A couple of weeks ago, I decided to place an order with Columbia House, because they were running a buy one get three free deal. I figured I'd try to take advantage of this by getting four two-cd sets, three for $3.49 (the usual shipping and hadling costs) and one for $27, and wonder of wonders, I was able to! I'll pay for them eventually, I promise. I go back a ways with the House, and they're pretty good about letting you take your time paying them back, in my experience anyway.

First, after watching an chapter of Ken Burns Jazz on PBS a while back, I got really interested in the work of Dave Brubeck. I had only heard one of his pieces before, the "Unsquare Dance", in a Music Appreciation class at Western. I probably had heard other things, but didn't know what they were or who they were by at the time. Brubeck was a real pioneer and legend in jazz, especially for his use of unconventional time signatures, which earned him a lot of scorn early on, it seems. Anyway, I thought that if I could find some sort of fairly comprehensive collection of his work then I'd get it someday, and Sony/Columbia solved that problem for me by issuing its Essential Dave Brubeck. It's got most of the stuff that people usually associate with Brubeck, such as "Time Out" and "Blue Rondo A La Turk", and is consistently enjoyable throughout. It seems to offer as good an introduction to the man's work as you could hope to find, and while I'm sure there's more out there that's just as good, and I hope to find out someday, this will do for now. That darn Ken Burns- first he got me interested in Miles, Coltrane, and Billie Holliday- now he's got me listening to Dave Brubeck too.
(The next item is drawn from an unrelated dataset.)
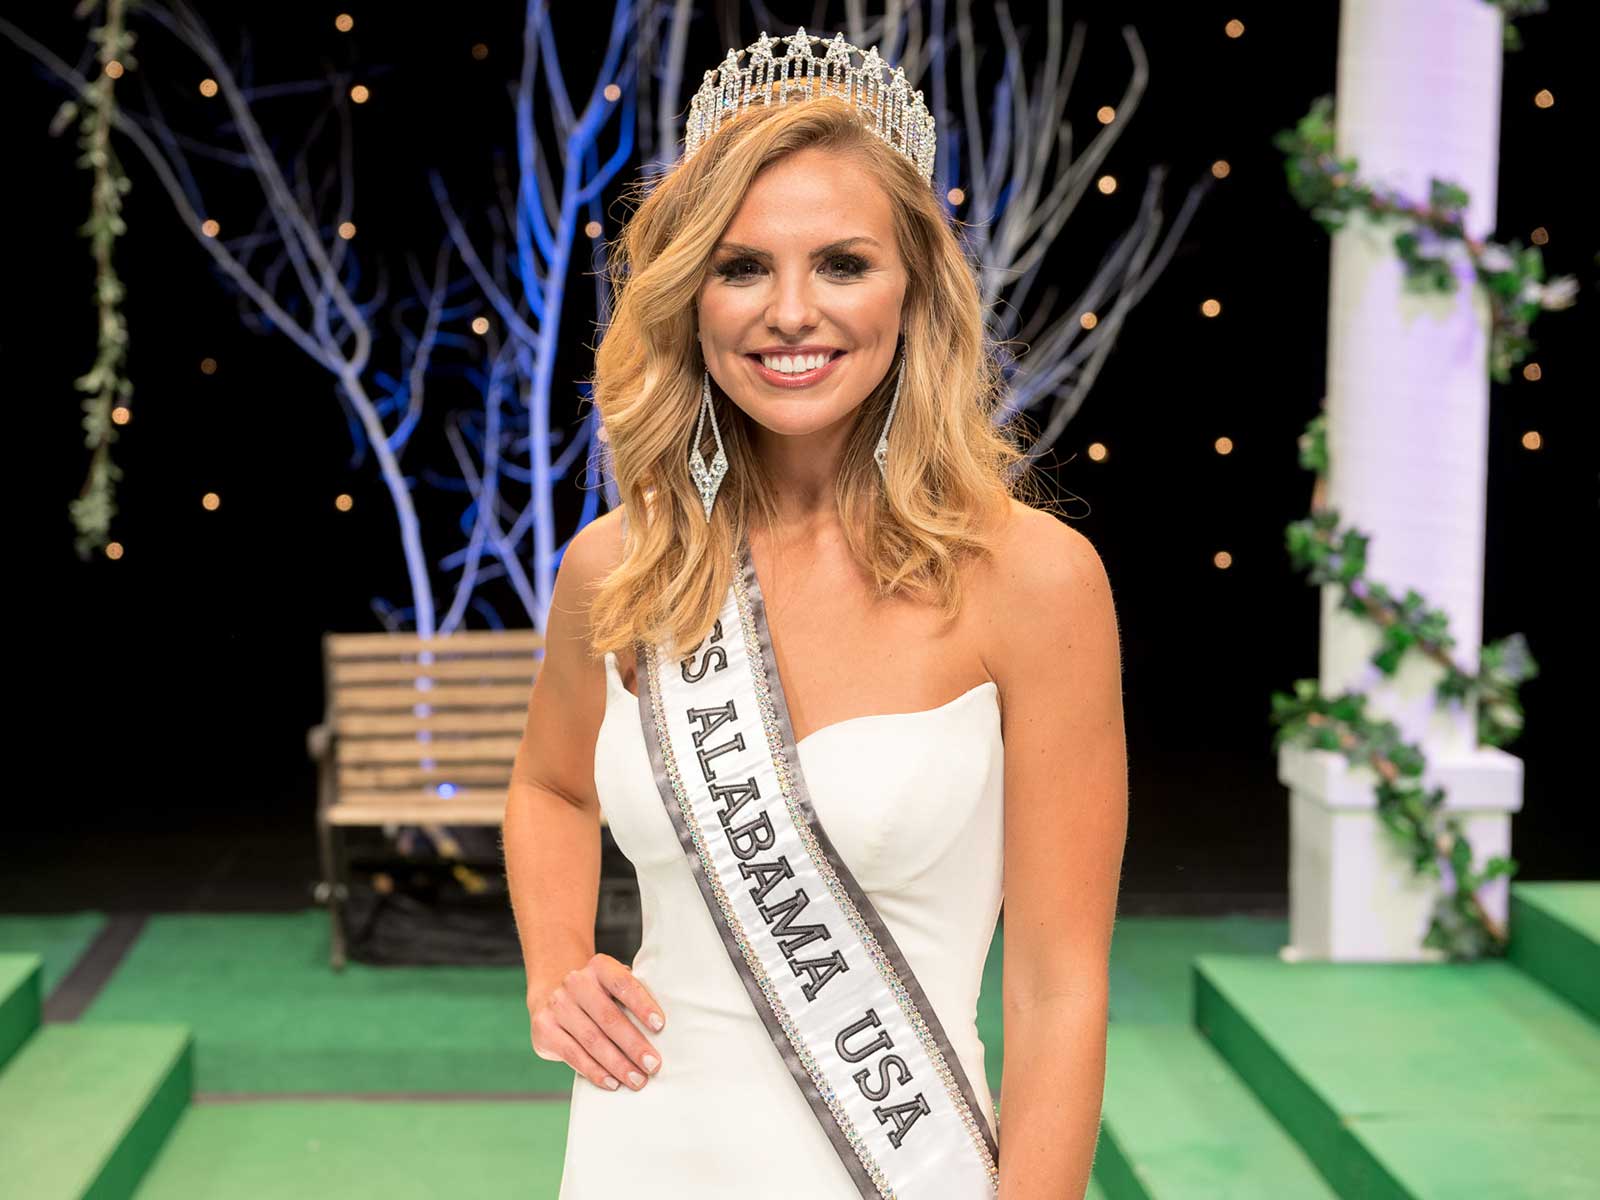 Miss Alabama To Compete On Season 23 of The Bachelor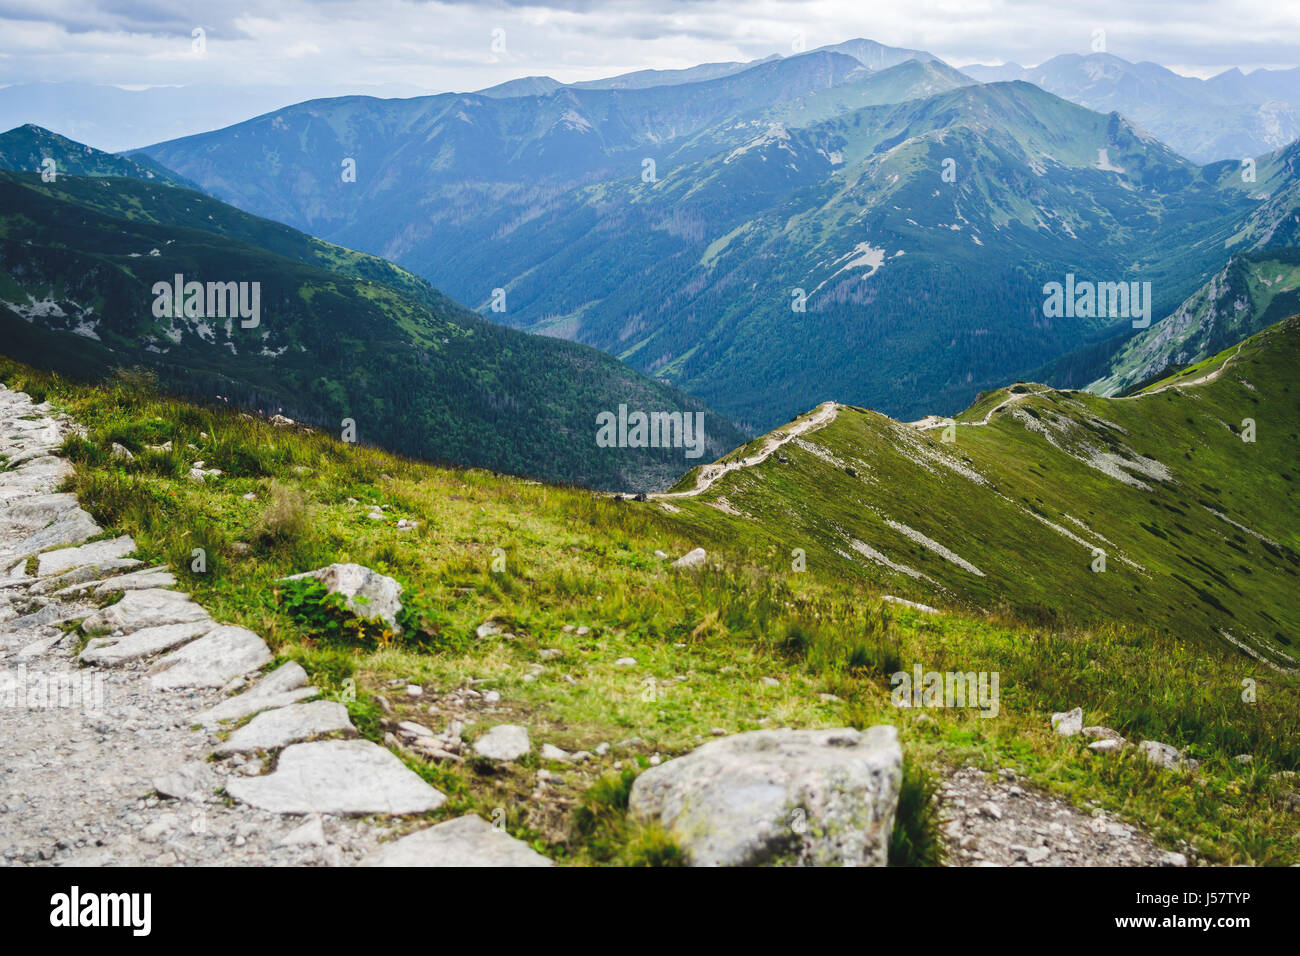 Hiking trail in the Tatra mountains in summer seen from the Kasprowy Wierch. Stock Photo

Another in the Essential series that I'd had my eye on for a long time now was the Essential Sly and the Family Stone, another two-CD set that features almost everything you could want to hear by this great, groundbreaking funk-rock outfit. I've loved the music of Sly and his Family since I first heard their Greatest Hits album at age 11, and I began to hanker after a good Sly collection back when I had no turntable to listen to my SatFS albums on, and listened to CDs in my truck and at my job. Finally, this one came out, and while I wish it had a little less from There's A Riot Goin' On and perhaps a cut or two more from later, less prestigious releases like High On You and Heard You Missed Me, Now I'm Back, it's still a great set. I even discovered a tune that I hadn't paid much attention to, "Time For Livin' ", which originally appeared on Sly's first real flop record, Small Talk, and I don't own hence my unfamiliarity with the song. It would have been nice to have had some liner notes as well. Anyway, I don't have a job or a truck with a CD deck in it anymore, but I manage to stick it on at home occasionally anyway and "dance to the music". And you gotta love "Hot Fun in the Summertime", one of the most evocative and gorgeous songs I've ever heard.

Continuing my haul from the House, I also got Rhino's reissue of Randy Newman's 1974 masterpiece Good Old Boys, which came out containing a bonus disc of demos Newman did, titled Johnny Cutler's Birthday. Those familiar with Newman only through his film songs like "You've Got a Friend in Me" might be a bit surprised by the acerbic wit he displays in this song cycle about people from the South, and the perception of same. Beautifully produced and orchestrated, and featuring the infamous "Rednecks", which is not what it seems- or is it; the lovely and pathetic "Marie", the elegant "Louisiana 1927" (which I remember seeing him perform on Saturday Night Live, hence my purchase of this record long ago); "Mr. President (Have Pity on the Working Man)", which boasts tricky time signatures in its orchestration, and a personal favorite "A Wedding in Cherokee County", which casts its hillbilly subjects in a strangely sympathetic light. Plus it's funny as all get out. Good Old Boys is a dark, and darkly humorous record but it always holds up. I've been wishing for a copy on CD for quite some time now.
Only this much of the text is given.